Data block
● ● ●

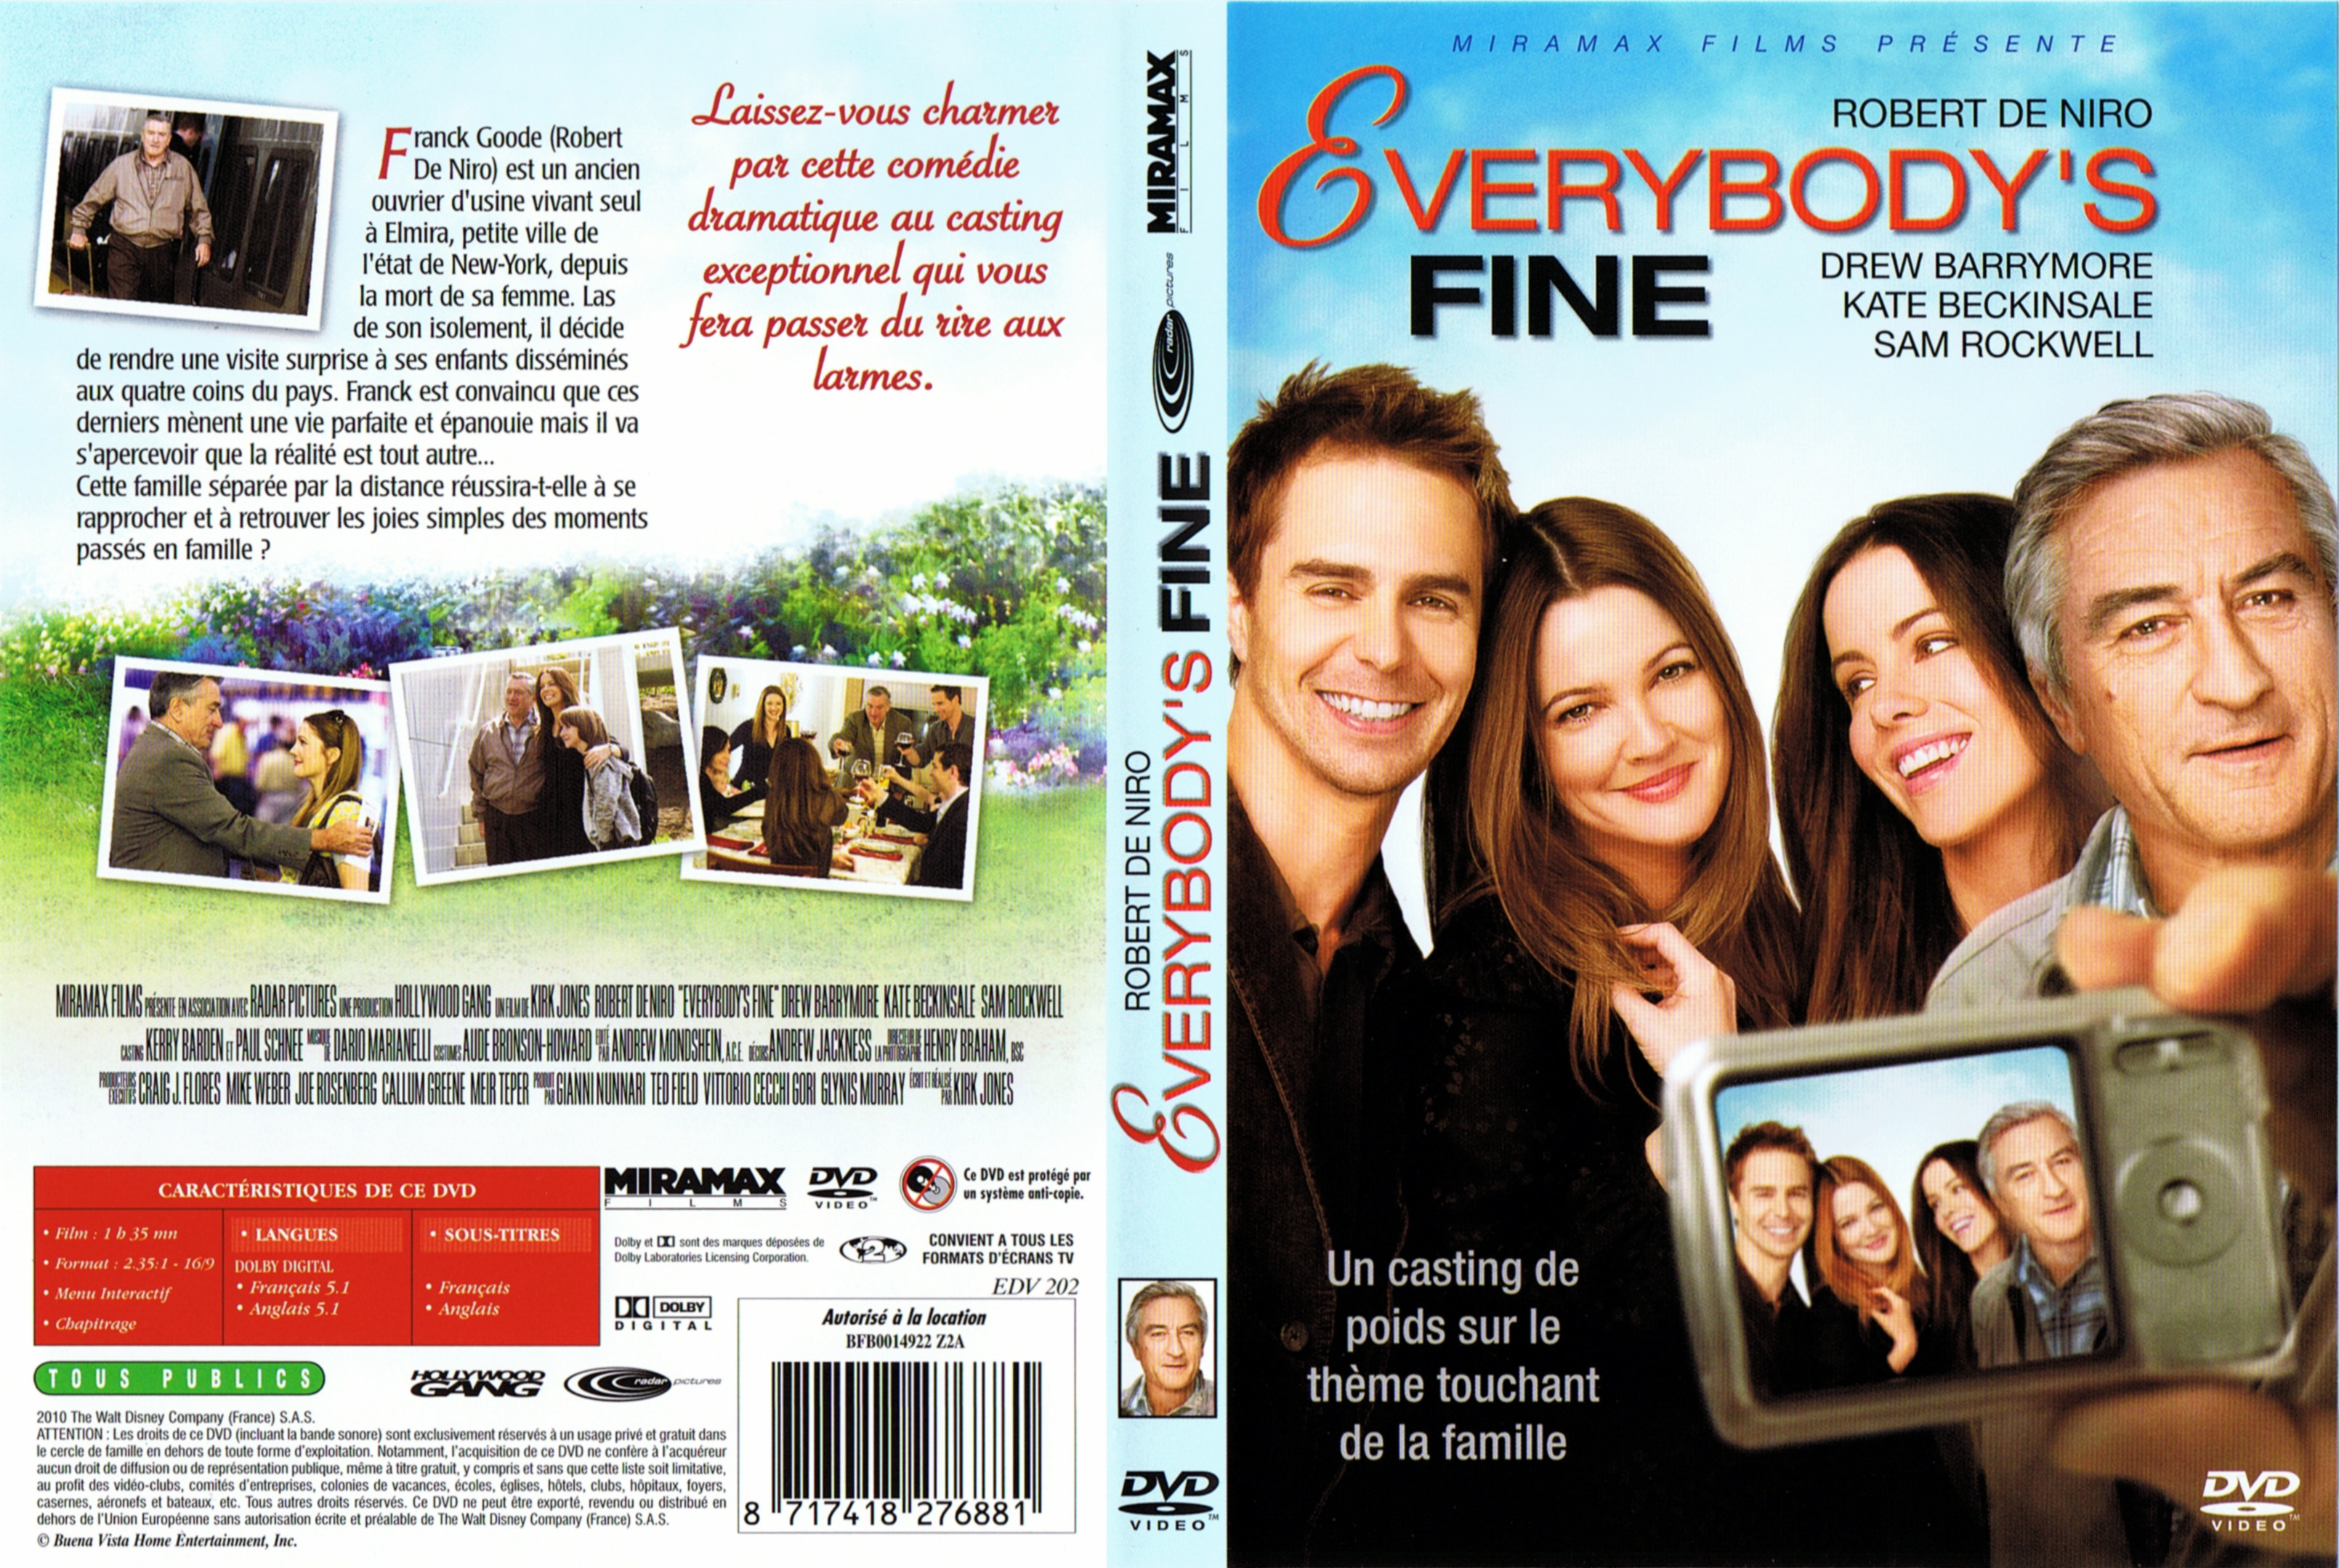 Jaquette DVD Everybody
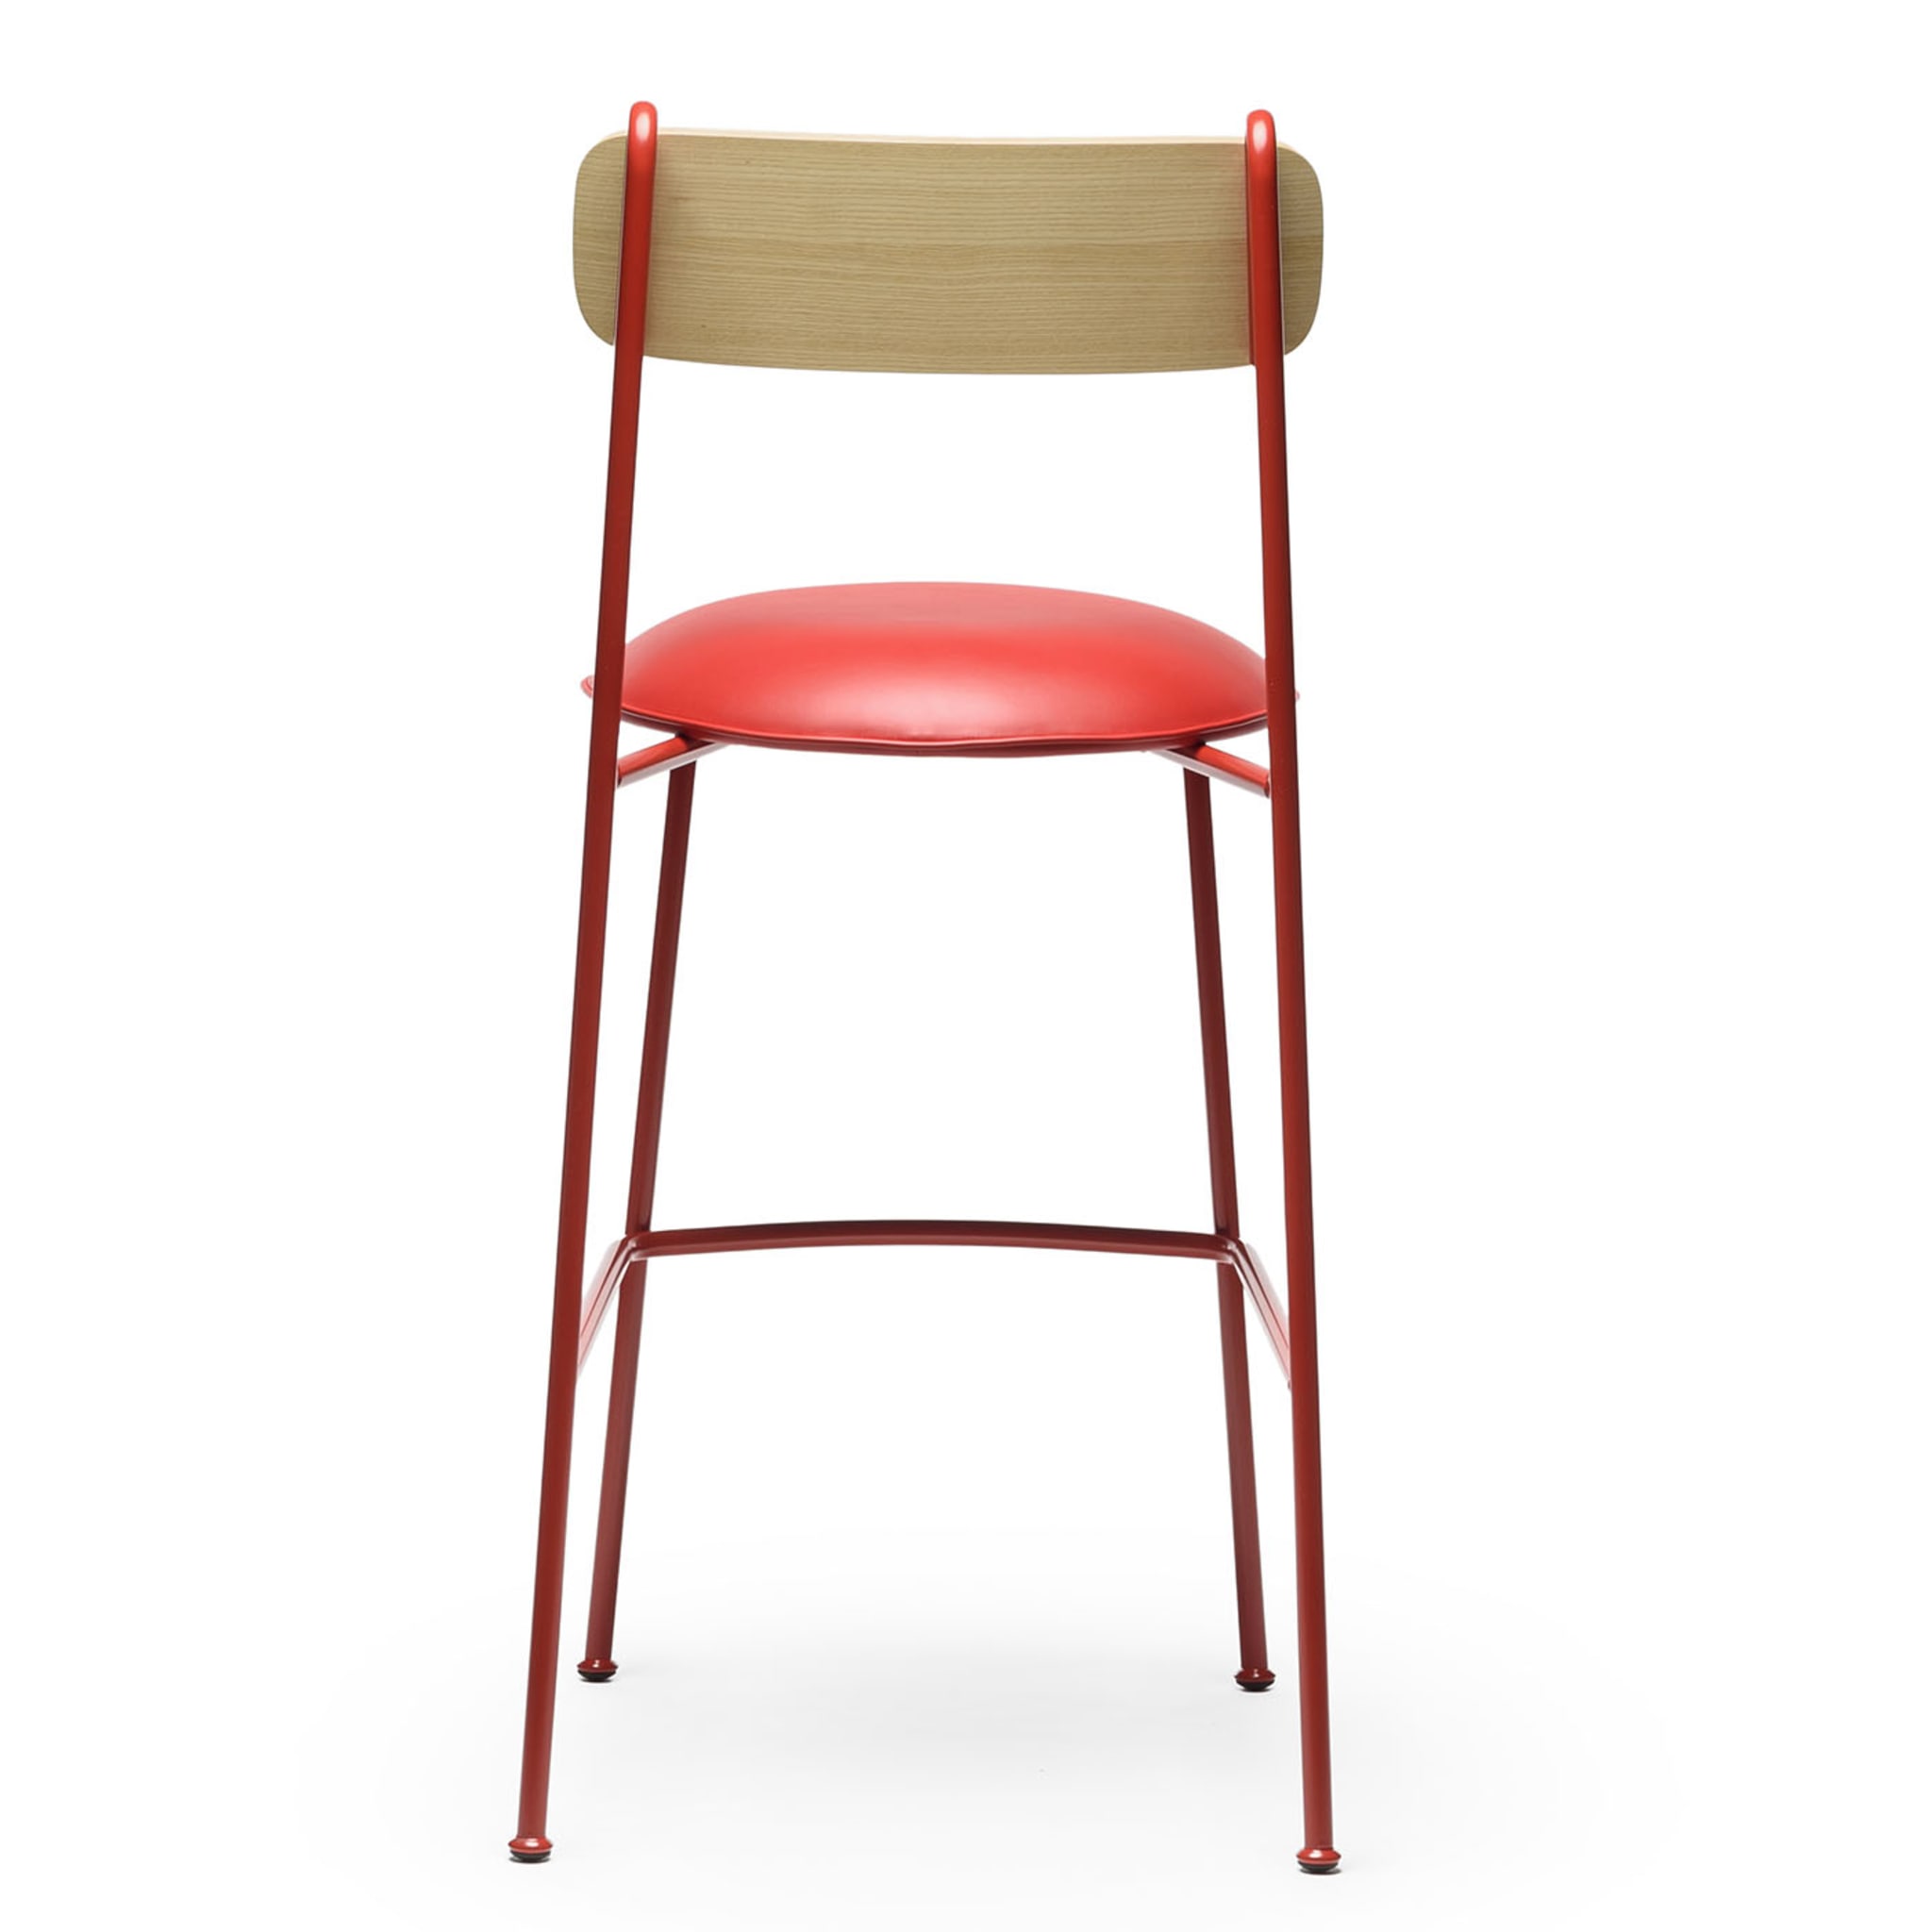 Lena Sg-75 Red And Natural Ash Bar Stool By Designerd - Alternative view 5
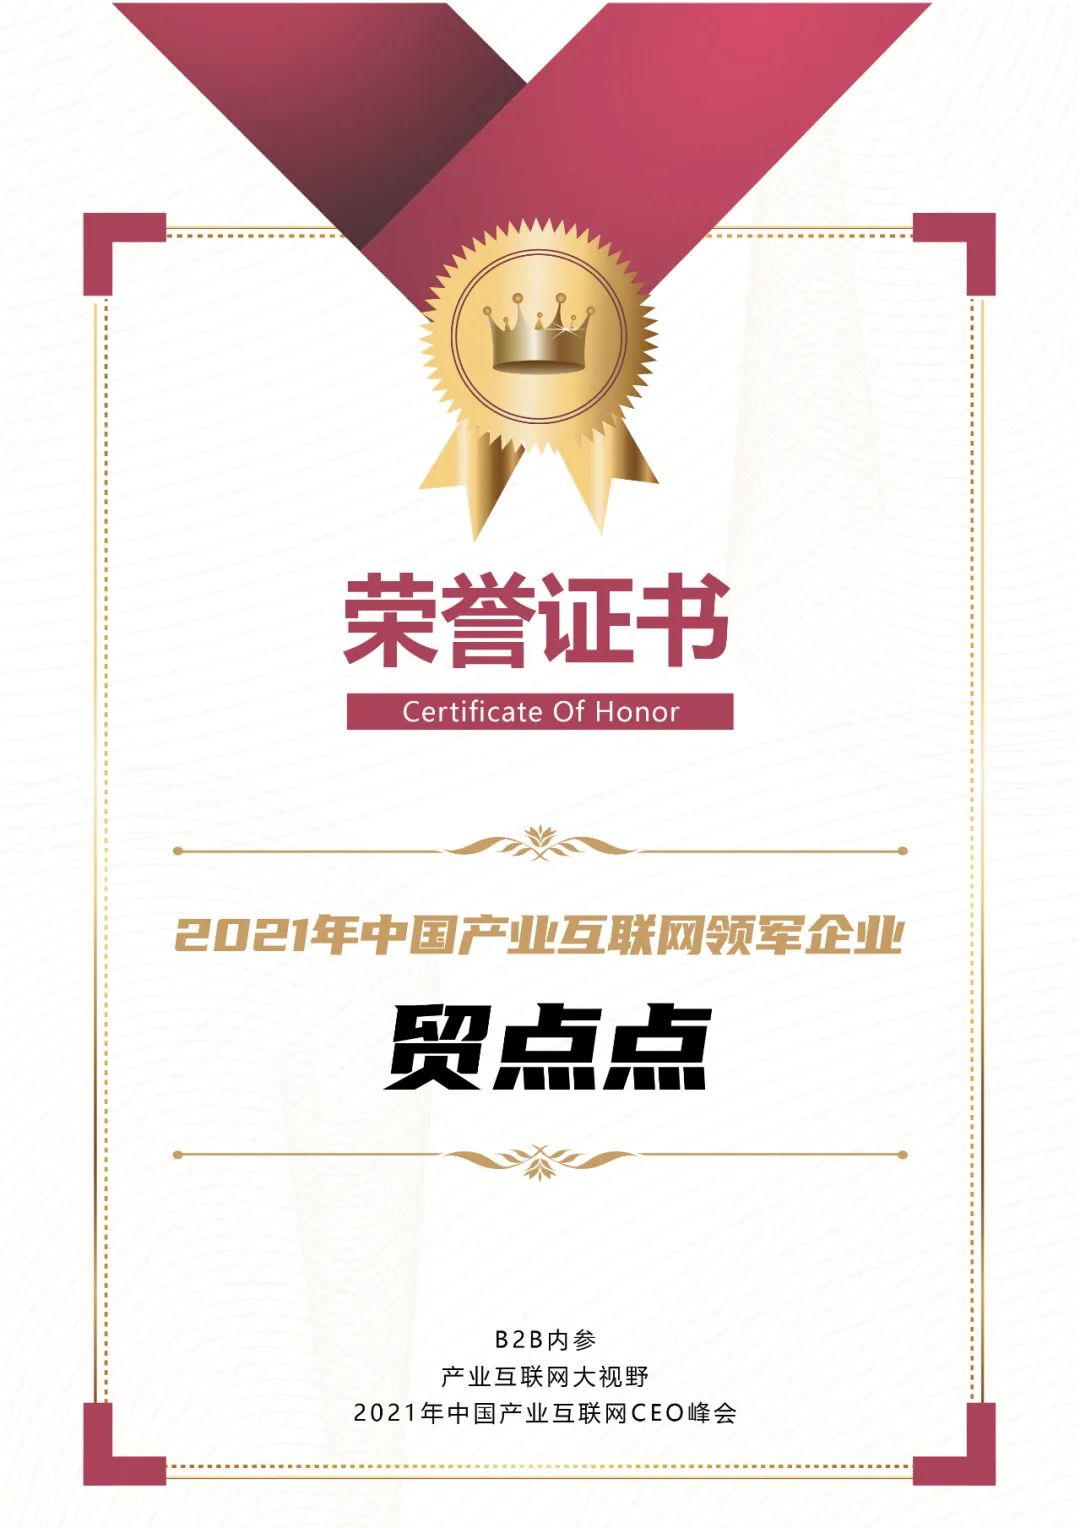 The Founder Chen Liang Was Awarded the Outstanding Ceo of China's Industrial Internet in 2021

● ● ●

About this task
Give the listing above again in its entirety and exactly; do not include the pictures.

Output for this exercise
 Jaquette DVD Everybody
 Lena Sg-75 Red And Natural Ash Bar Stool By Designerd - Alternative view 5
 The Founder Chen Liang Was Awarded the Outstanding Ceo of China's Industrial Internet in 2021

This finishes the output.